White and dark chocolate cupcakes

A swirl of white chocolate and fresh vanilla frosting is an elegant finish to Charlotte Morgans double chocolate cupcake
By Charlotte Morgan
White and dark chocolate cupcakes
  • Rating:
  • Serves: makes 12
  • Cook Time: 20 minutes
  • Prep Time: 20 minutes plus 30 minutes refigeration
  • Effort: easy


For the sponge

  • 100 g self-raising flour, sifted
  • 20 g cocoa powder
  • 145 g golden caster sugar
  • 40 g butter, at room temperature
  • 120 ml whole milk
  • 1 large egg
  • 1/2 tsp vanilla extract
  • 1 tsp instant coffee, dissolved in 1 tsp hot water

For the white chocolate frosting

  • 280 g butter, at room temperature
  • 280 g icing sugar, sifted
  • 200 g white chocolate, melted and cooled
  • 1 vanilla pod, seeds removed

To decorate

  • Dark, milk and white chocolate buttons, if desired

Tips and Suggestions

Don't worry if your cupcake comes out of the oven looking a little flat - it's supposed to happen! A flat sponge is ideal when it comes to frosting the cupcake.


1. For the sponge: preheat the oven to 180C/160C fan/gas 4 and line a 12-hole tin with cupcake paper cases.
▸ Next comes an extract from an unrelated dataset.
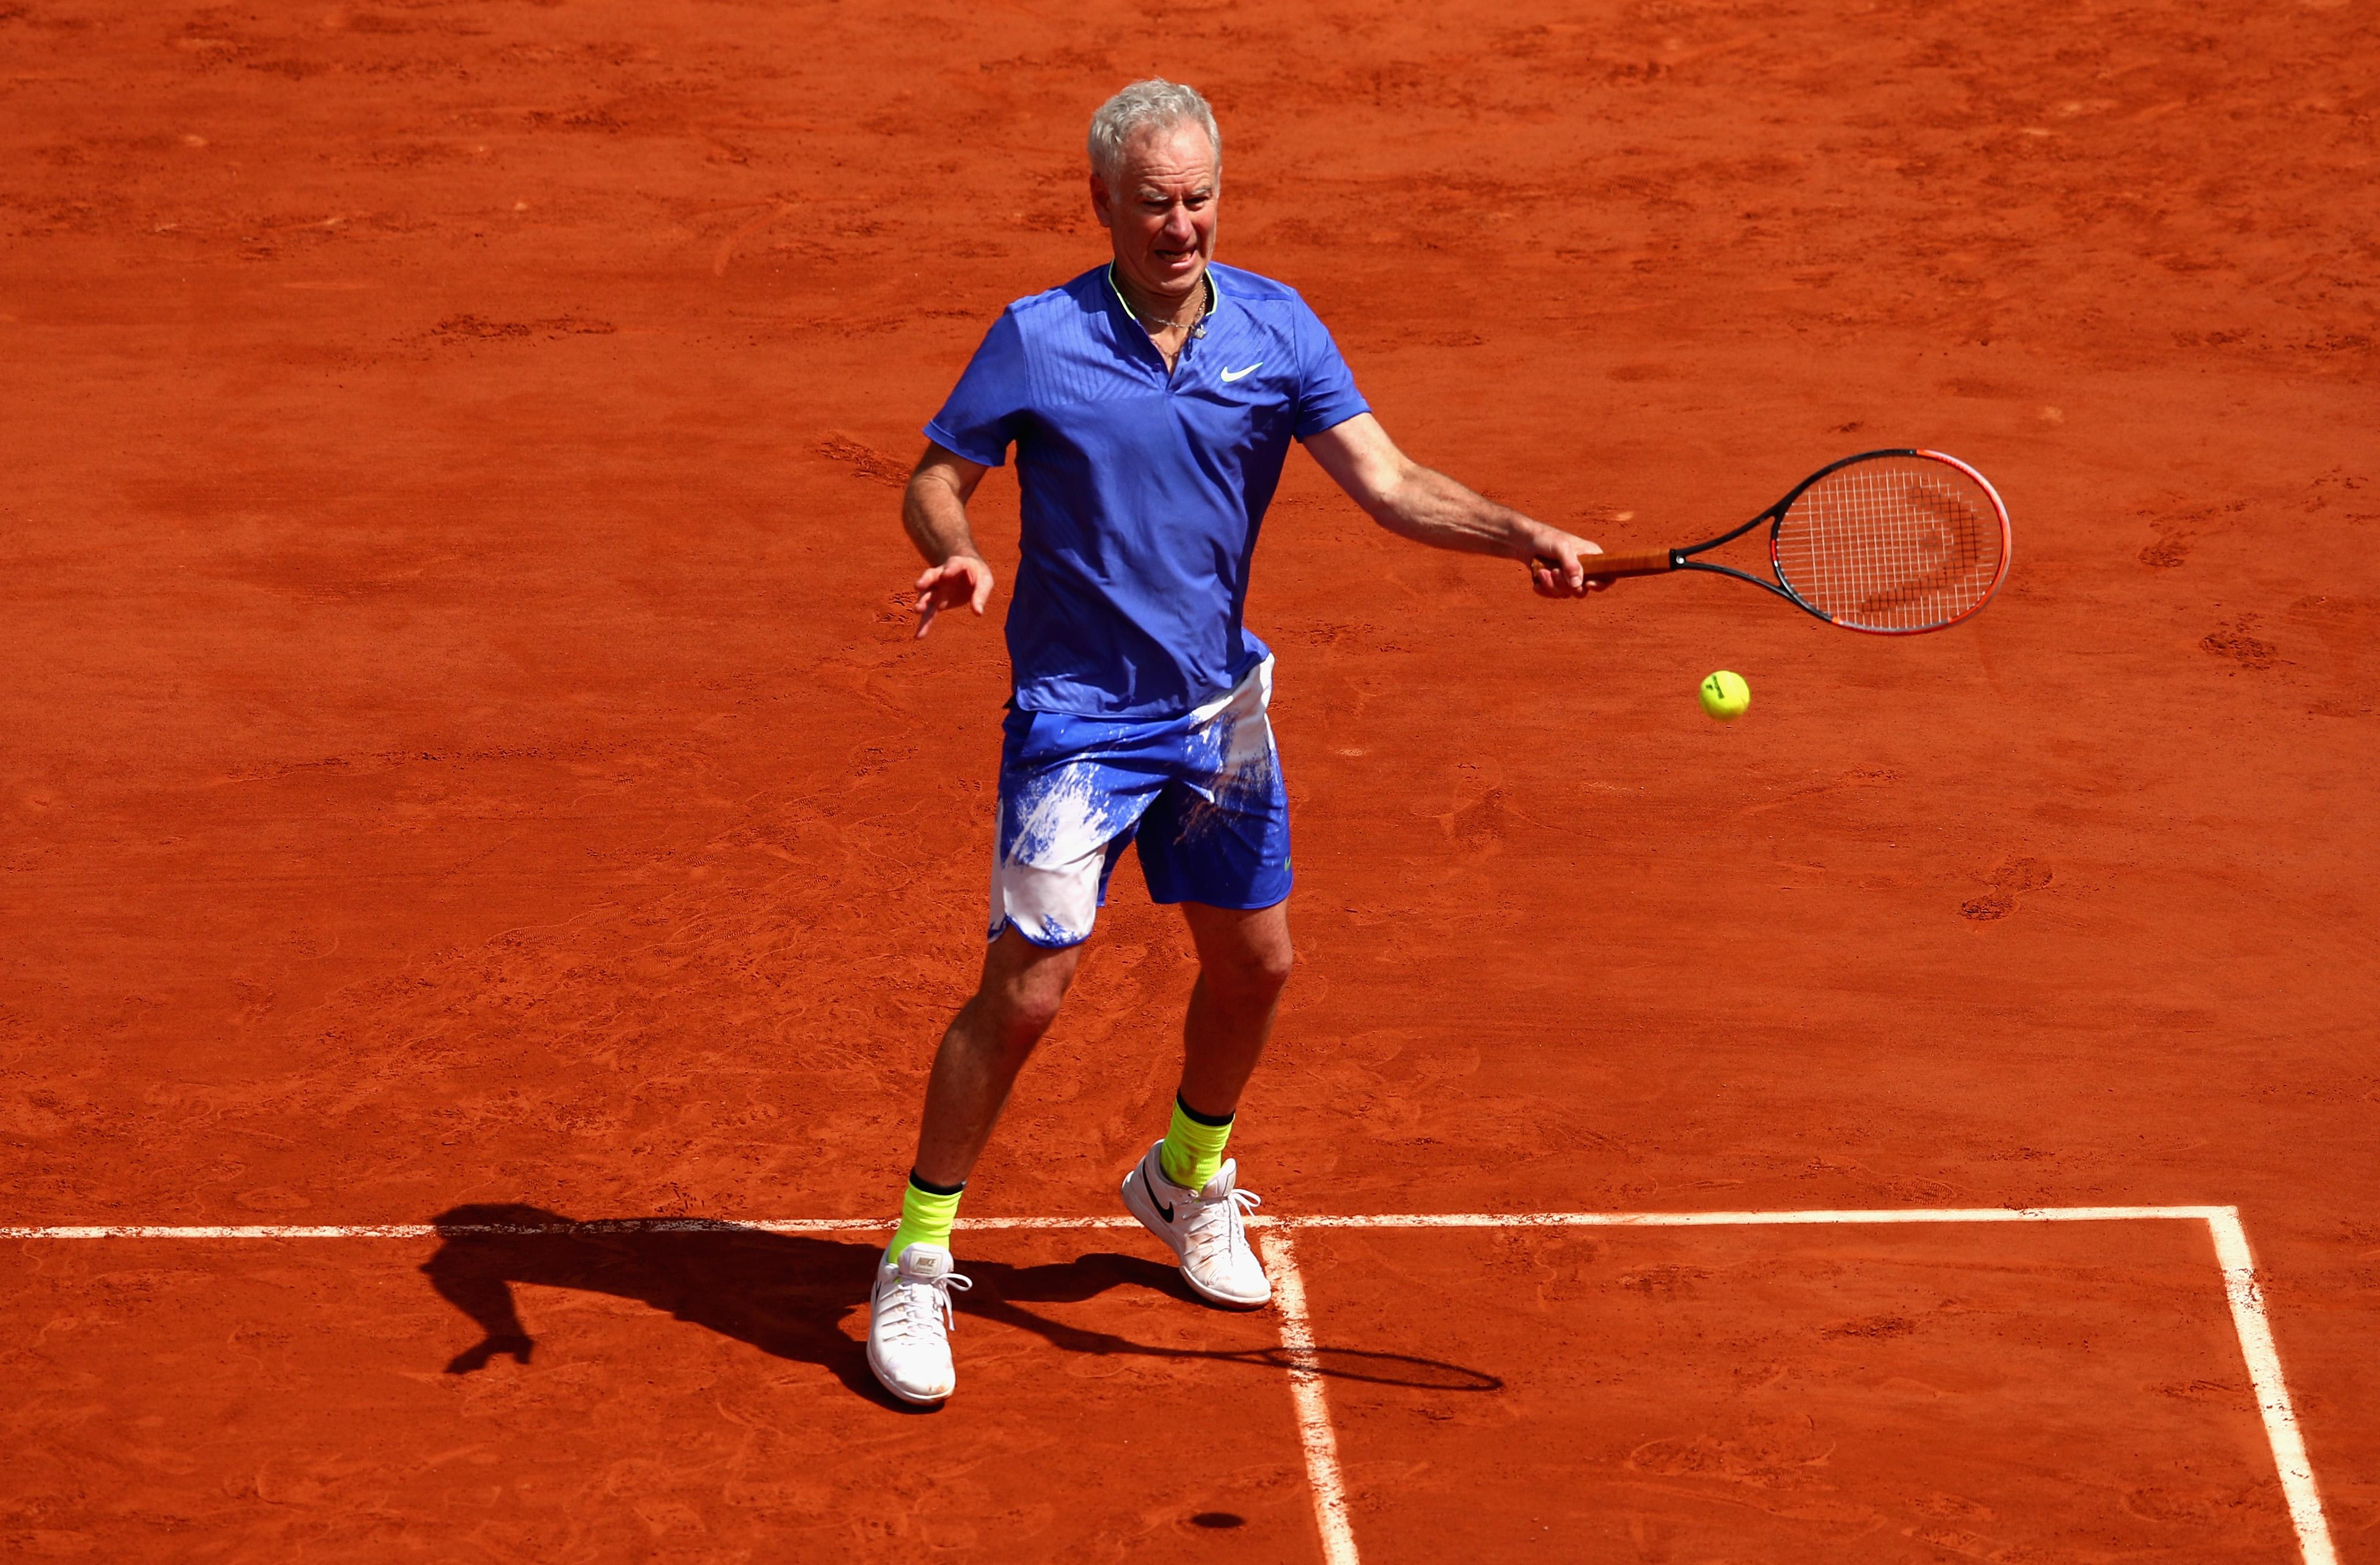 Der 58-jährige McEnroe steht selbst noch regelmäßig auf dem Court, wie bei den French Open in einem Legendenmatch gegen Pete Cash und Michael Chang.

Tip the flour, cocoa powder, sugar and butter into a food processor and blitz on a slow speed for one minute, until you achieve a sandy consistency.

2. Gradually pour in half of the milk and beat until just incorporated. Dont worry if it looks a little messy at this stage it will come together! In a separate bowl, whisk the remaining milk together with the egg, vanilla extract and coffee. Pour into the batter and beat for a couple of minutes until smooth, scraping down the side of the bowl to catch any unmixed ingredients as you go.

3. Divide the mixture between the 12 paper cases, filling each one up two-thirds full. Bake in the preheated oven for 20 minutes or until the sponge bounces back when prodded with a finger. Leave to cool on a wire rack while you make the frosting.

4. For the frosting: Tip the butter and icing sugar into a food processor and beat until well combined. Using a spoon, fold through the white chocolate and vanilla seeds until well combined. Refrigerate for up to 30 minutes.

5. When the sponges have cooled completely, carefully spoon a third of the frosting into a piping bag and use it to decorate the first four cupcakes. Repeat until you have finished them all. Alternatively, just use a palette knife to spread about 2 tbsp of frosting onto each cupcake.

6. Decorate with chocolate buttons, if desired.